In some cases, the application of the 4 factors will require that the recipient hire staff who are bi-lingual. In other cases, the recipient may only need to have identified community resources they will use when needed. The least any recipient should be able to do is subscribe to one of the telephone interpretation services, which cost nothing unless you use them. One is the AT&T language line. (ILA uses Pacific Interpreters.)
DOJ guidance: “… [W]hen oral language services are necessary, recipients should generally offer competent interpreter services free of cost to the LEP person….[T]his is particularly true in a courtroom, administrative hearing [and] pre- and post-trial proceedings….” Recently, the US Attorney General’s office sent a strongly worded letter on this topic to the courts of each state. The letter is included in your materials. This letter will likely change how things are done in Iowa. Under a state statute, courts have sometimes billed one of the parties for the interpreter. Iowa Legal Aid staff have been alert to the potential challenge to this practice, but have not had an appropriate case where our client was billed.
Payment, and provision of services beyond the court room: Under the recent letter from the US Attorney, not only is the interpreter cost not to be borne by a party, but other court services are also to be made accessible AND provided for free. Please look at page 3, items 3 and 4. [Go over these items.] Has anyone ever seen these services provided? So, this letter may change things significantly.
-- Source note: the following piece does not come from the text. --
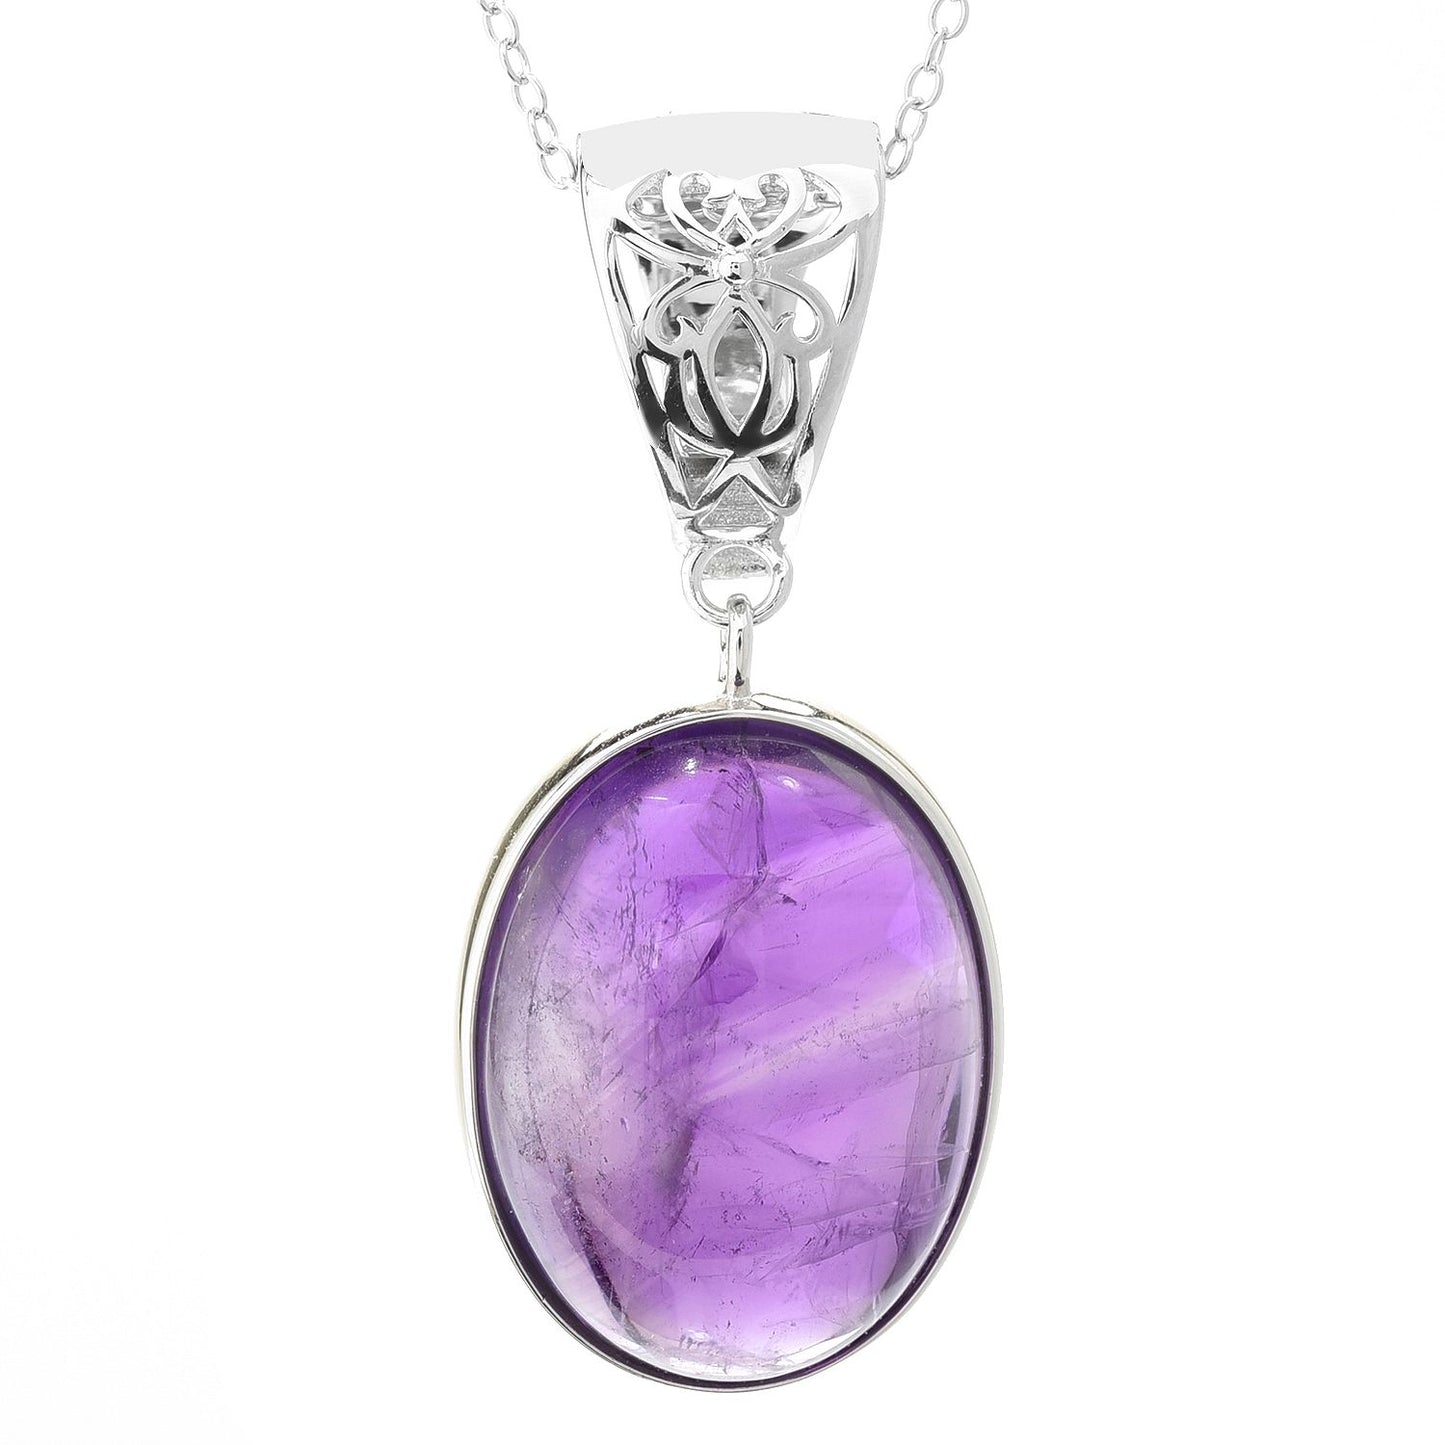 Sterling Silver 20 x 15mm Oval African Amethyst Enhancer Pendant w/ 18" Chain - Pinctore

Mediator competence and availability: The Iowa Judicial branch has a roster of court interpreters. Until recently, there was no way to look at the list and know if the interpreter had passed a competency test. The federal courts have had a competency test for some time now, but there were only a few people in Iowa who had passed it. The test has a very, very low pass rate. Another test, with a higher pass rate, is used by a consortium of states. Iowa joined this group, which deals with language access issues. Iowa is now encouraging roster interpreters to take the competency test. The roster of Iowa mediators on the judicial website now designates which ones have passed the competency test. There are not very many who have.
The complaint process is certainly not meaningless, but yet it is not the same as being able to file a lawsuit in court. Note: Can file in court if the discrimination was intentional. There is a private right of action in that case. The agency (Dept of Justice) can certainly enforce the regulations, and has indicated in the letter (in your materials) that it may do just that.